Advent of Code 2017 - Day 13

Day 13 reveals itself as a sort of lock picking exercise. Part one is a simple tumble (get it) through the series of inputs they give you, to figure out if you would be caught on a certain layer, and if so, do some multiplication to get your answer. Simple.

The puzzle could also be thought of as the scene in The Rock (the movie about Alcatraz with Nicholas Cage and Sean Connery), where, to get into the prison, Sean Connery has memorized the timing for the fires that blaze, and rolls through them unscathed.

Except, the timings way down the line don't match up since they themselves are on their own timers. And there's like 40+ of them.

The sample input looks like this:

0: 3
1: 2
4: 4
6: 4

So, layer 0 has a depth 3. So on "second 0" the scanner is at 0, on second 1 it's at 1, on second 2 it's at 2, on second 3 it goes back to 1, and on second 5 it's back to the start, blocking any would-be attackers.

Layer 1 only has depth 2, so it's fluctuating back and forth between 0 and 1.

Since the puzzle input may include gaps, and it's easier (probably) to complete the puzzle with no gaps, the first step is to fill them in! As usual I'm writing my answers in Go

func fill(scanners []*Scanner) []*Scanner {
	max := scanners[len(scanners)-1].Depth
	for i := 0; i < max; i++ {
		if scanners[i].Depth != i {
			s := &Scanner{Depth: i, Range: 0, Nil: true}
			scanners = append(scanners[:i], append([]*Scanner{s}, scanners[i:]...)...)
	return scanners

That line   ------    append(scanners[:i], append([]*Scanner{s}, scanners[i:]...)...)  ---- with all the dots!! What it's doing is pretty simple, though.

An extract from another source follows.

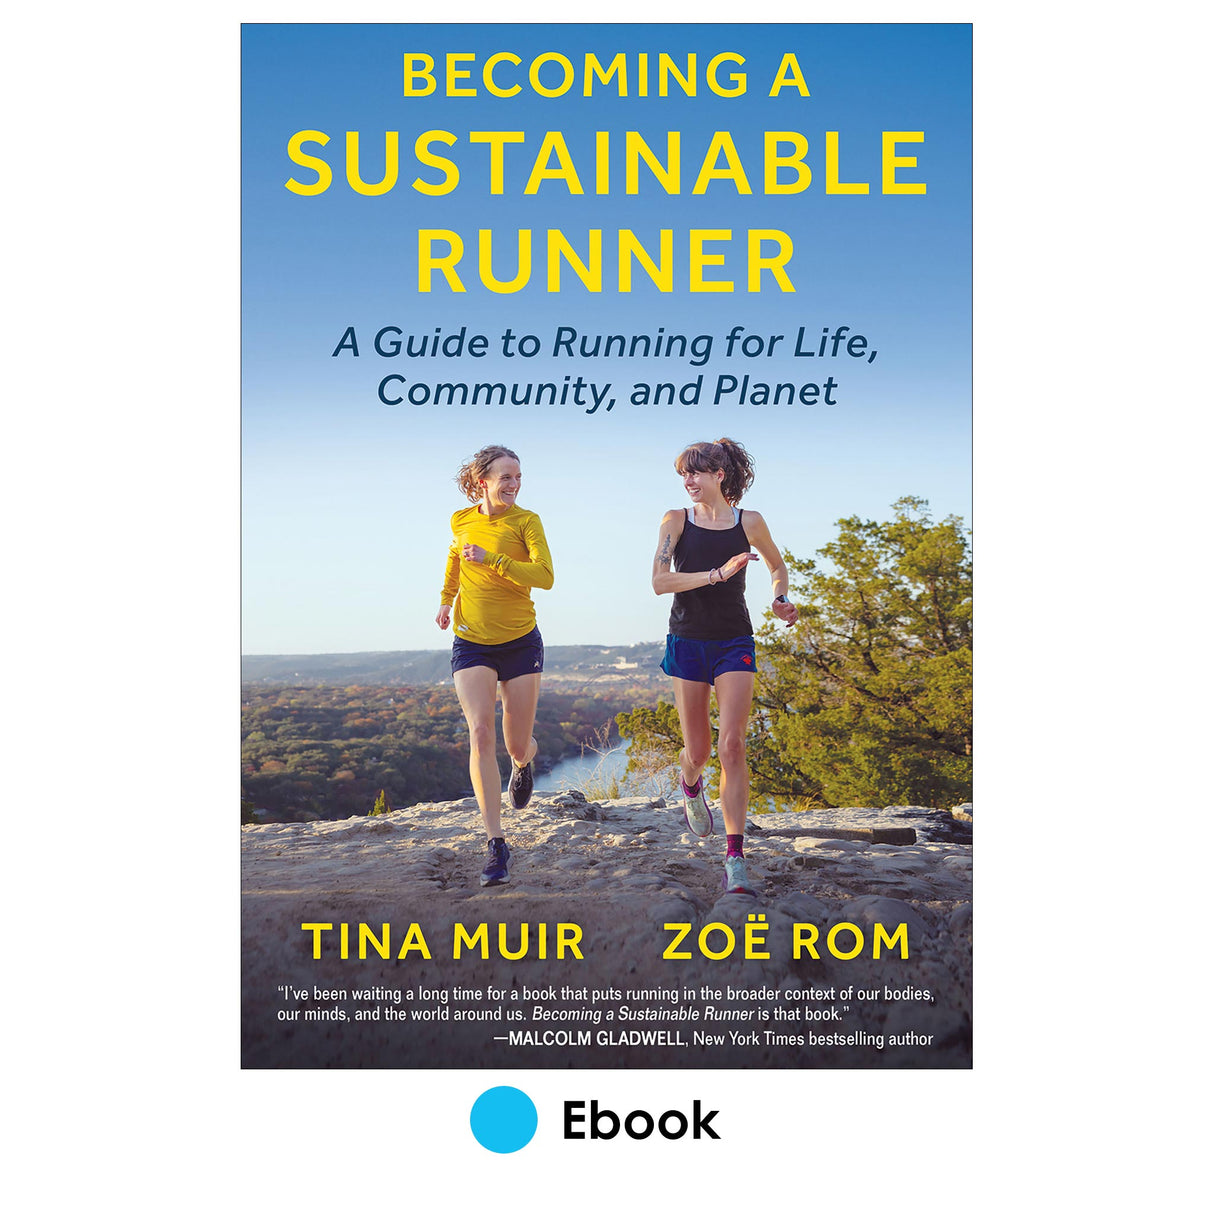 Becoming a Sustainable Runner epub

If we don't have a scanner at depth i, insert a scanner with depth i at the current position.   "scanners[:i]" is all scanners up to i.  "scanners[i:]" is all scanners after and including i  ( the :   (colon) syntax is very subtle). So we want to insert it between those two. That's all it's doing. The ellipsis confusion is just because "append" takes a variadic list of parameters, and you can convert an array to variadic parameter with the ellipsis. Done!

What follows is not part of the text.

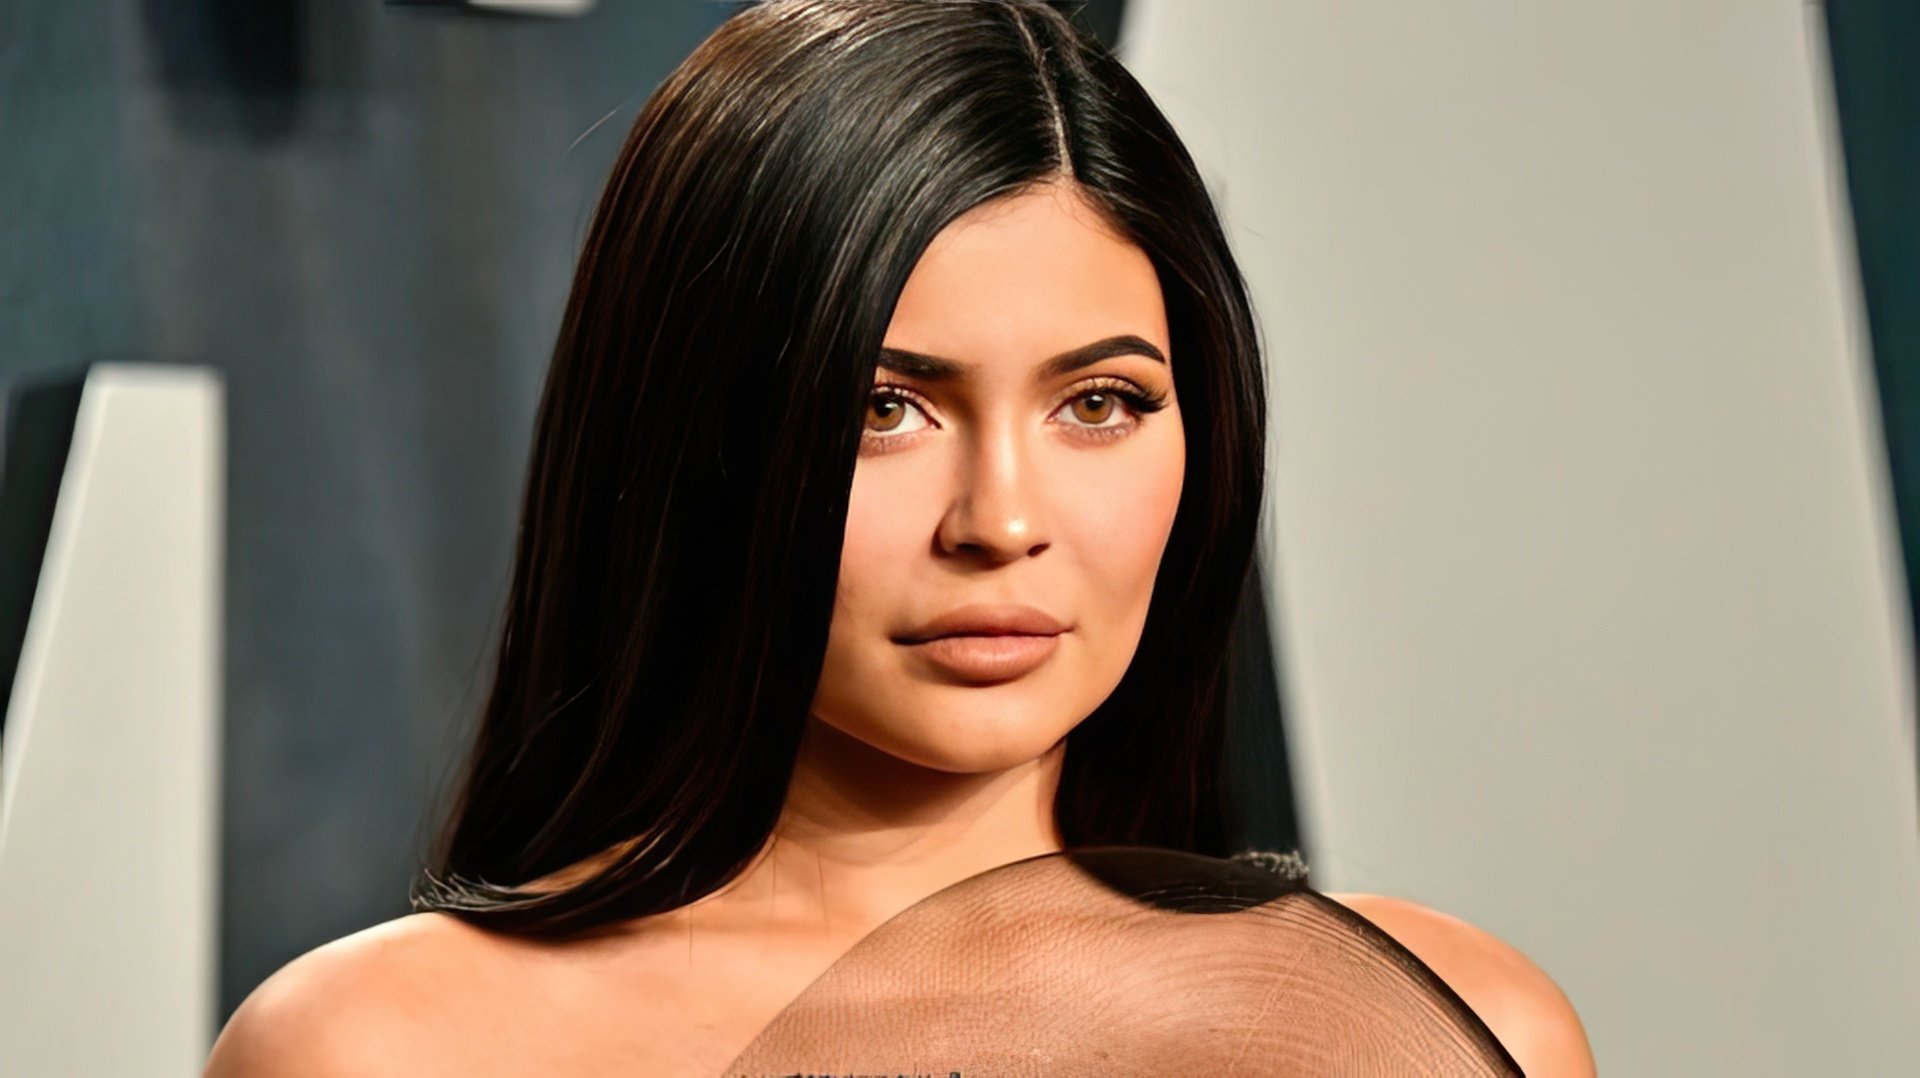 Kylie Jenner in 2020

We'll need a method to move all of the scanners every step. That's pretty straightforward. I called this method "tick". The Scanner is just a struct with Depth, Range, Current, and Dir for telling which direction the thing is moving.

func tick(scanners []*Scanner) {
	for _, s := range scanners {
		if s.Nil {

		if s.Current == s.Range-1 {
			s.Dir = -1
		} else if s.Current == 0 {
			s.Dir = 1

		s.Current += s.Dir

Part 1 was to just send a "packet" (or Sean Connery) through and every time you are at a security scanner (explosion, going back to the movie), multiply the depth times the range at that scanner, and add it to the previous number to get the new number. That part was fine, and you could do it with the physical motion of passing the Sean Connery through :)

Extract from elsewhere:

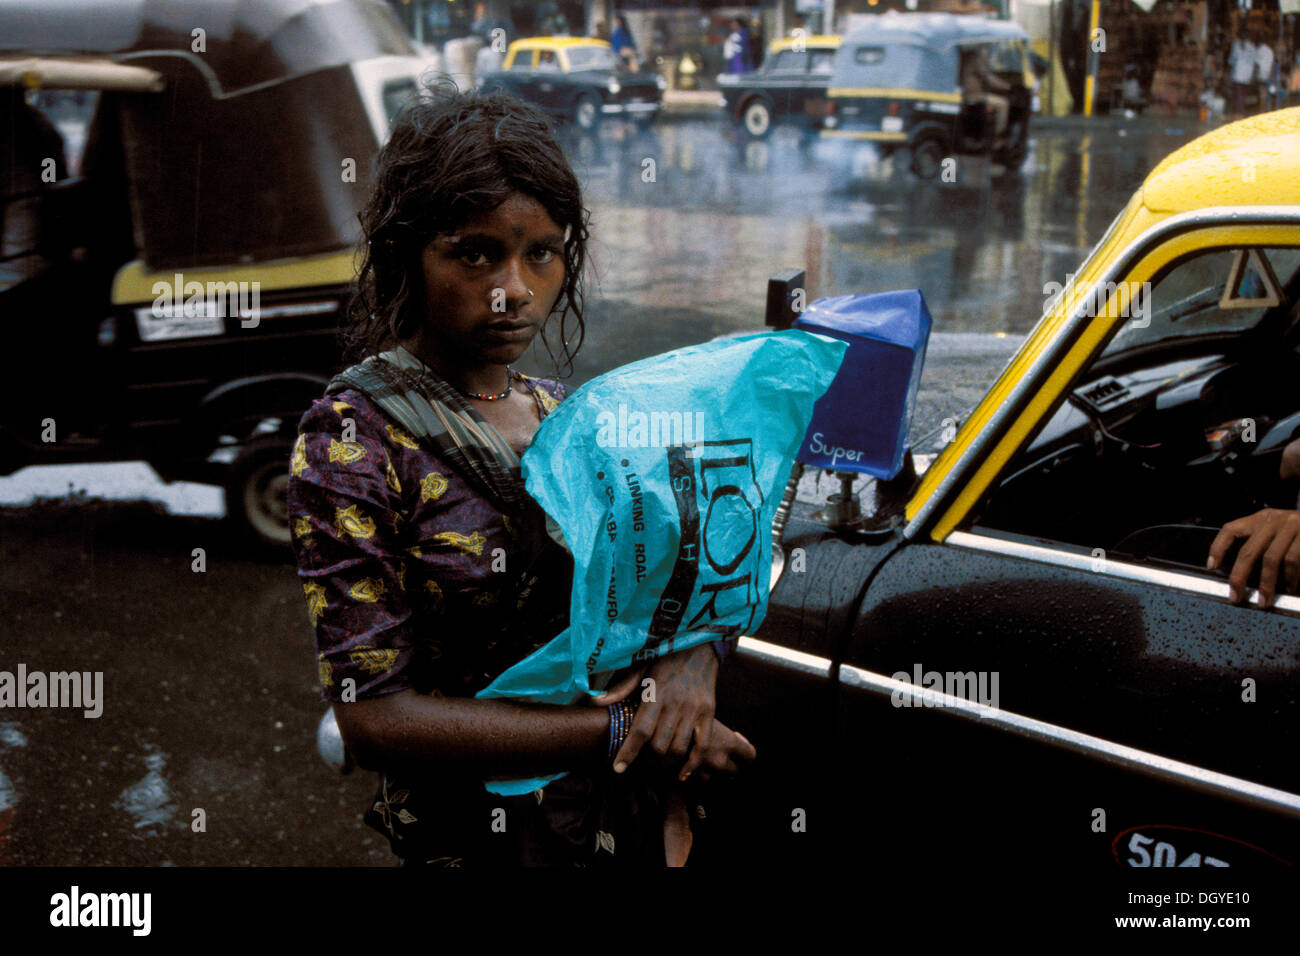 Female beggar standing in front of a taxi in the rain, monsoon, Mumbai or Bombay, Maharashtra, India, South Asia, Asia Stock Photo

So, to figure out part 2, which is "you need to get through without getting caught this time".  Getting caught is simply being at Depth "d" when the scanner at "d"'s current position is 0. You could brute force this.

For brute force, you'd start at delay 0, then try go figure out if you can make it all the way through. If not, move to delay 1 and try again. For each delay, you have to run the tick method. For delaying 100 seconds, tick would have to be run 100 times to get the puzzle into the correct state. So this becomes computationally intense!

This is a fine solution in most instances. In this instance, though, I let it run over lunch and checked in with it 44 minutes later, and it wasn't complete yet! So, back to the drawing board.

But wait!!  Math is a thing. And it's very useful!  I'm actually pretty certain that I don't even need to check the final answer by actually traversing the sequence of layers, it's just the answer. Due to math!

So, to get through safely, the position of a particular depth has to not be 0 when we're passing through it. I wrote a method to figure this out, called "possible". It's pretty much the key to the puzzle, and solving it insanely fast.

func possible(scanners []*Scanner, delay int) bool {
	p := true
	for _, s := range scanners {
		blocking := (s.Range*2 - 2)
		p = p && (s.Nil || ((delay+s.Depth)%blocking != 0))
	return p

A "Nil" scanner is a scanner that was filled in due to gaps. This one has 0 range and can't block anything. So if it's one of these, it can pass through this depth at this time.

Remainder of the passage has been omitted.